While Spotify was founded in Sweden, it's not like they started off exclusively hosting Swedish artists

I wasn't using Spotify as a genuine example, I was using it to show "correlation doesn't imply causation", specific to examples you used like Pfizer somehow being a critical component of wokeness advancing in Europe.

wokeness was described as an "American cultural export", or that it was "imported wholesale"

Well, you absolutely agreed with me that BLM is as American as apple pie, and has no European antecedents. Likewise the term "intersectionality", coined by an American academic. I do think most of modern gender ideology can be traced directly to Judith Butler. When I talk about wokeness in Ireland, I'm primarily talking about BLM, the concept of white privilege, gender ideology, and the nomenclature associated with the ideology. I think it's reasonable to say that, to the extent that wokeness has caught on in Ireland, concepts and paradigms which were invented in the US have had an outsized influence. Maybe it was hyperbolic to say that wokeness was "imported wholesale" from the US, but not extremely so.

Again, almost all of critical theory traces its roots to the Frankfurt School and people like Foucalt.

Sure, but wokeness didn't actually catch on in Ireland during the lifetime of Foucault or members of the Frankfurt school - it caught on in 2013-4. Maybe American critical theorists were just rephrasing concepts which originated with the Frankfurt school, but I still think they deserve a significant amount of credit for translating it in a way that made it palatable to a young and international audience. Elvis Presley may have been heavily inspired by Chuck Berry, but that doesn't change the fact that it was Elvis who became the King of rock n roll.

That is to say, non-Americans may have significantly contributed to woke ideology, but I think the specific flavour of woke ideology which caught on in Ireland retains a specifically American flavour, even in cases where this makes no obvious sense. Woke people are pretty good at adapting the overarching tenets of the ideology to local parochial concerns (e.g. land acknowledgements for aboriginals in Oz and NZ) but that really hasn't happened here: Irish progressives get far more bent out of shape about alleged racist incidents against Ireland's vanishingly small black population than they do about discrimination against Irish Travellers.

I think Julie Bindel and Germaine Greer are uniquely bad examples to illustrate how non-Americans contributed to the rise of wokeness, given that woke people despise these two women for their TERF opinions. In fact, Greer was enormously popular with the second wave of feminists in Ireland and the UK in the 1980s: the rise of wokeness caused a steep decline in her popularity to the point that she's effectively persona non grata in many British universities. Bindel writes for Unherd, for Christ's sake.

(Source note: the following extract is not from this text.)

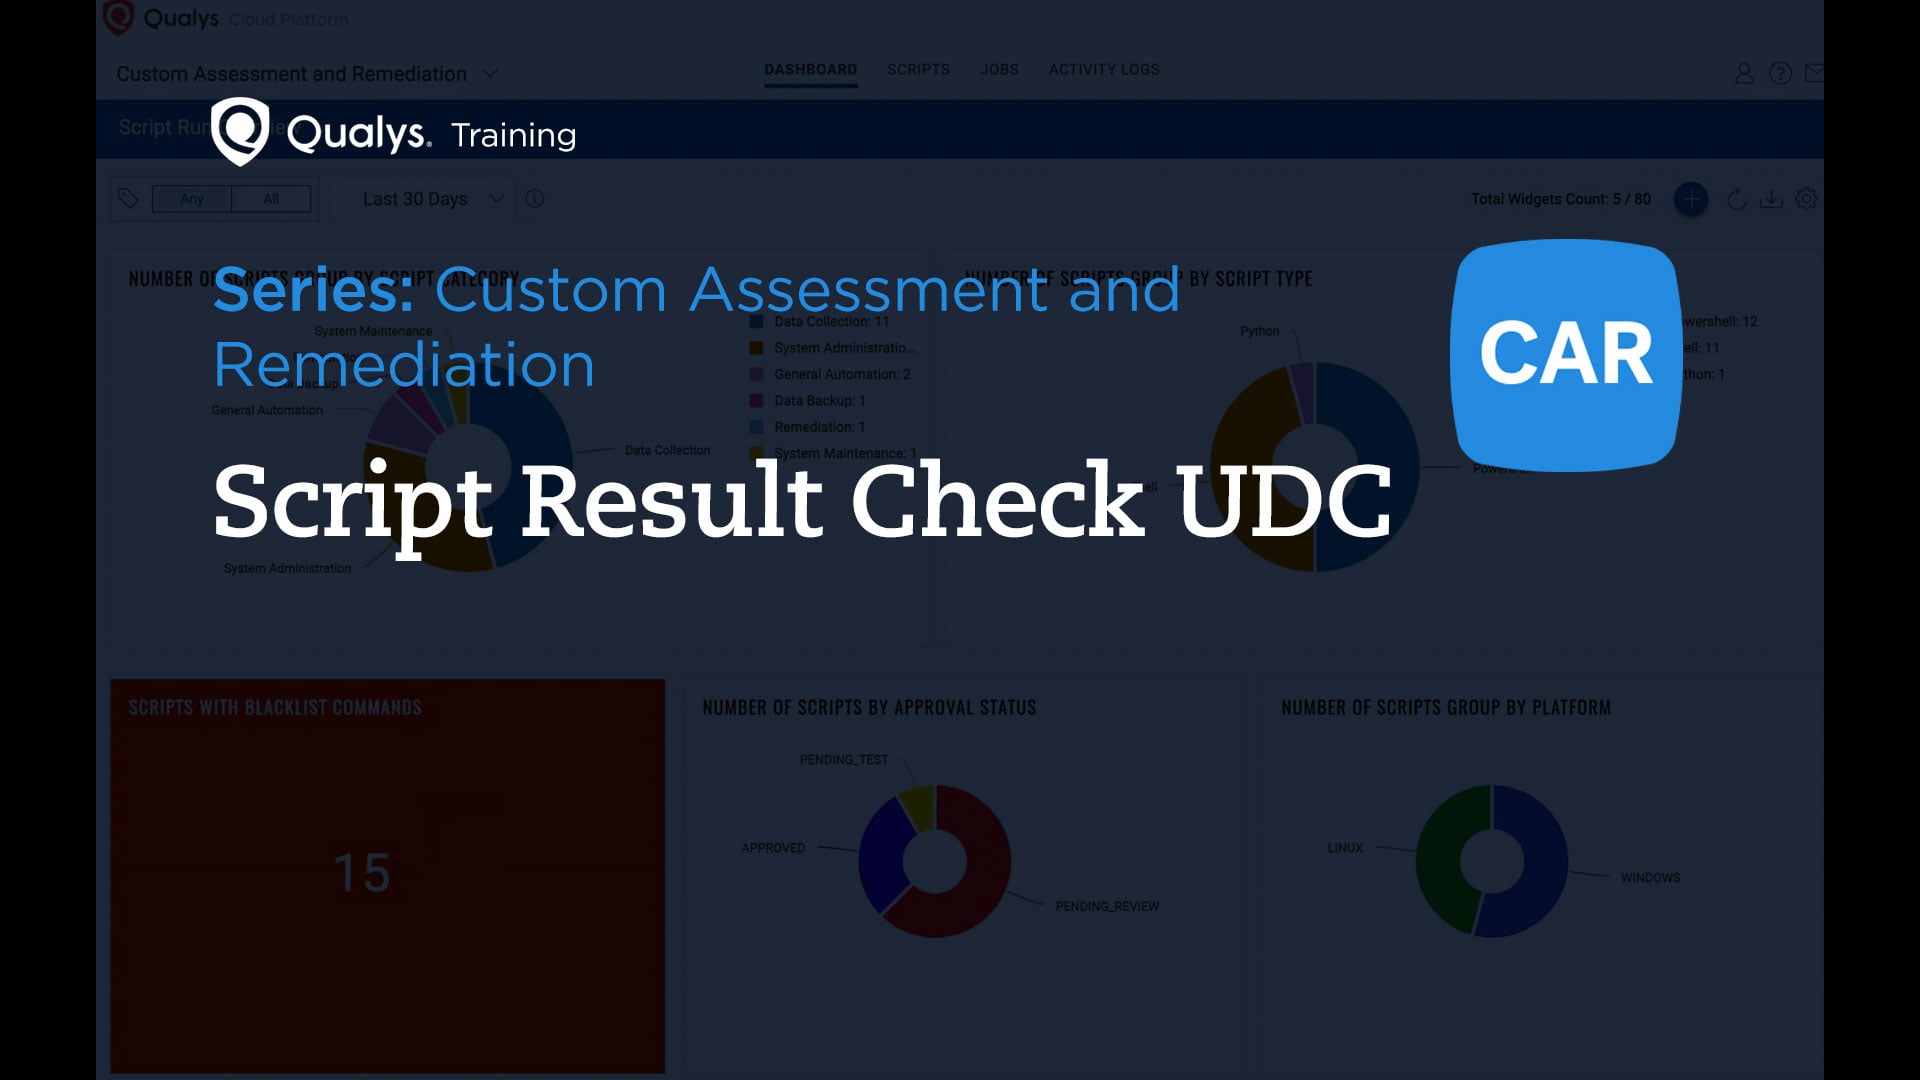 Script Result Check UDC

I wasn't using Spotify as a genuine example, I was using it to show "correlation doesn't imply causation"

True, I can only prove that the cultural dominance of wokeness coincided with the rise of social media, I can't prove a causation. But I do think that social media played a significant role in disseminating and popularizing woke paradigms and concepts. I don't think it's a coincidence that Facebook was originally only accessible on American college campuses, quickly became the biggest social media platform in the world, and shortly afterwards an ideology which was invented (or refined, or perfected, whatever) on American college campuses became culturally dominant in the Anglophone world.